Insomma, di fronte a questo scenario l’Occidente non ha inviato i tank (e prima i Patriot, e prima i Mig, e prima di Himars) per scelta, ma per la necessità di fronteggiare una situazione che a sentire i leader non si sarebbe mai dovuta verificare grazie allo straordinario impatto delle sanzioni. Questa lettura occidentale, bisogna ammetterlo, si è rivelata sbagliata a prescindere da ciò che succederà all'economia russa tra 3/5/7 anni. Perché le sanzioni avrebbero dovuto rendere innocuo un gigante che invece è più combattivo che mai e che ora per essere fermato sta richiedendo all'Occidente uno sforzo economico, politico e militare immane.
Le sanzioni non sono state funzionali allo scopo.
Chi non lo ammette è in malafede.

 
The tanks pledged to Kyiv alone won’t turn the tide in the war.

WASHINGTON — Per tutta la fanfara sui carri armati avanzati che l'Ucraina ha ottenuto dall'Occidente questa settimana, non saranno il proiettile d'argento che permetterà a Kiev di vincere la guerra. Invece, l'esercito degli Stati Uniti, ancora una volta, tenterà di rifare un esercito a propria immagine per dare all'Ucraina la migliore possibilità di sfondare le difese russe radicate.

Per farlo, gli Stati Uniti e i loro alleati non dovranno solo fornire i carri armati, i veicoli blindati e le munizioni avanzate appena promessi, ma anche espandere quello che è stato una sorta di programma di addestramento ad hoc per insegnare ai militari ucraini a usare tutte le nuove attrezzature insieme. Sarà un corso accelerato in quella che l'esercito americano chiama guerra d'armi combinata, qualcosa che richiede mesi se non anni per padroneggiare le unità americane.

Le decisioni sui nuovi aiuti militari sono un delicato atto di bilanciamento per la Casa Bianca e l'alleanza della NATO: mentre vogliono fornire a Kiev nuove capacità che hanno il potenziale per superare uno stallo sul campo di battaglia, non vogliono nemmeno provocare il presidente Vladimir V. Putin della Russia per intensificare la lotta in una guerra più ampia.

Di conseguenza, il fatto che i carri armati occidentali producevano un notevole hand-wring. Ma finora Mosca è stata scoraggiata dall'espandere la guerra, e la creazione di unità ucraine più nuove e più forti rappresenta la migliore possibilità di evitare uno stallo.
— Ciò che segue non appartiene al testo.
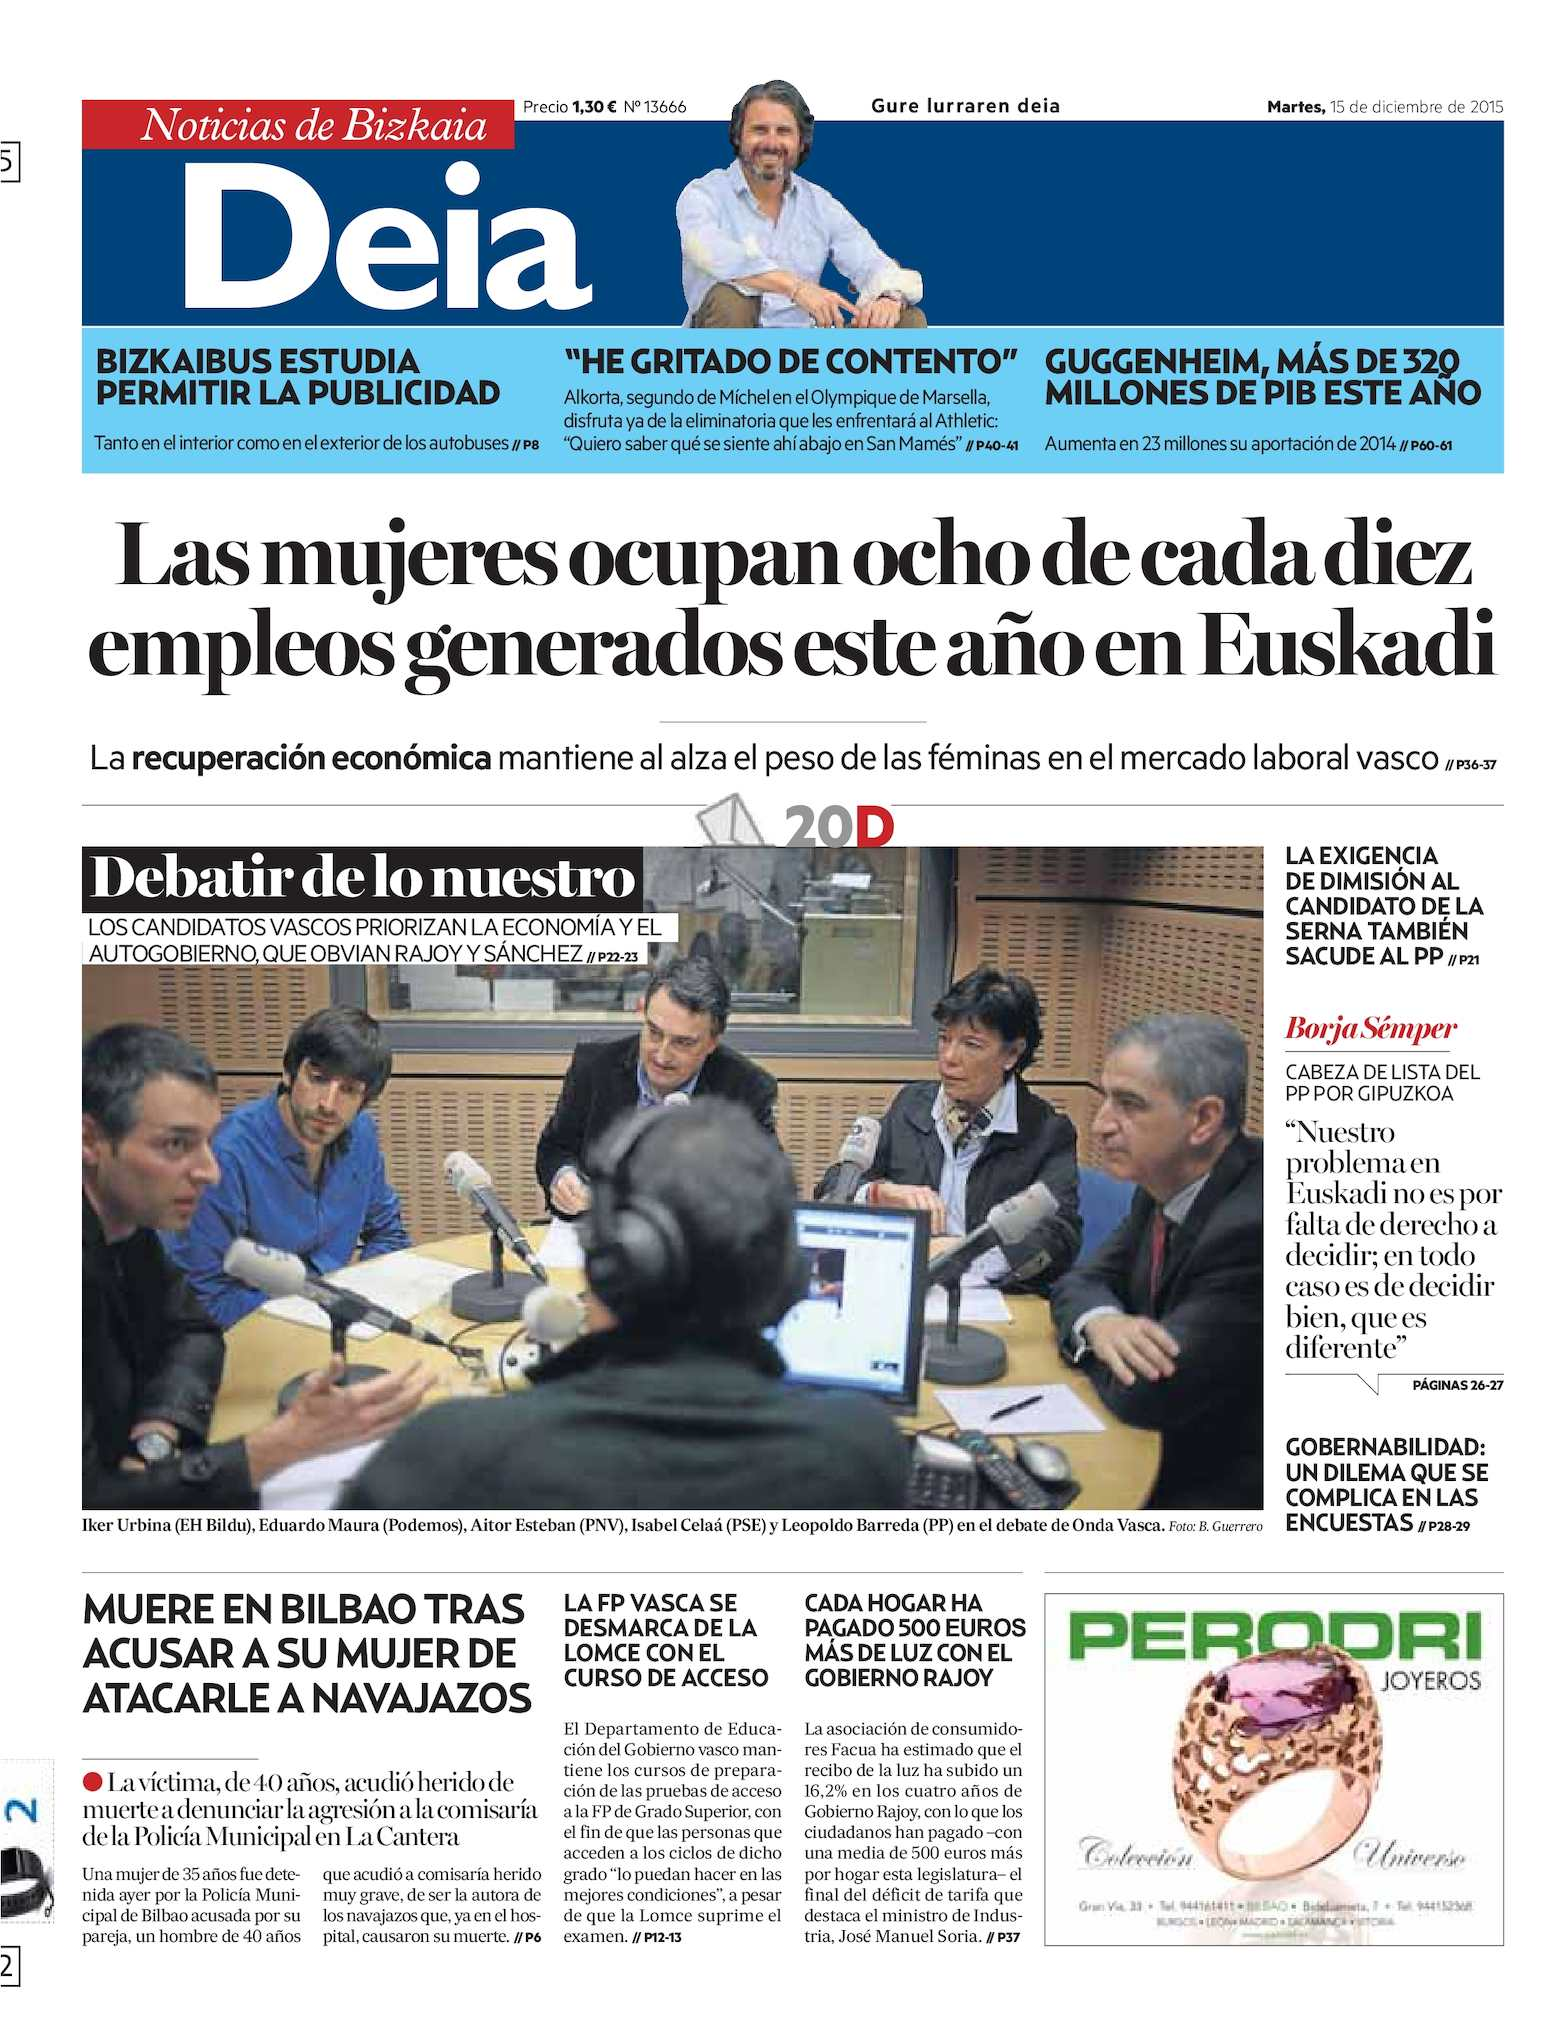 Calaméo - Deia 20151215 6bca666ec00

Mentre le immagini satellitari hanno rivelato i russi che costruiscono linee primarie e secondarie di trincee difensive lungo le linee del fronte, gli analisti del governo americano hanno iniziato l'anno prevedendo uno stallo mortale come probabile risultato per il 2023. Preoccupato che un conflitto congelato favorisca la Russia, gli Stati Uniti e i suoi alleati hanno iniziato discussioni più sere nelle ultime settimane su come cambiare le dinamiche del campo di battaglia a favore dell'Ucraina.

"Vogliamo metterli nella migliore posizione possibile in modo che se questa guerra finisce sul campo di battaglia, se finisce con la diplomazia o qualche combinazione, che siano seduti su una mappa che è molto più vantaggiosa per il loro futuro a lungo termine e che Putin senta il fallimento strategico", ha detto giovedì Victoria Nuland, un alto funzionario del Dipartimento di Stato, al Senato.
 
‘We have to make time our weapon,’ Zelensky says.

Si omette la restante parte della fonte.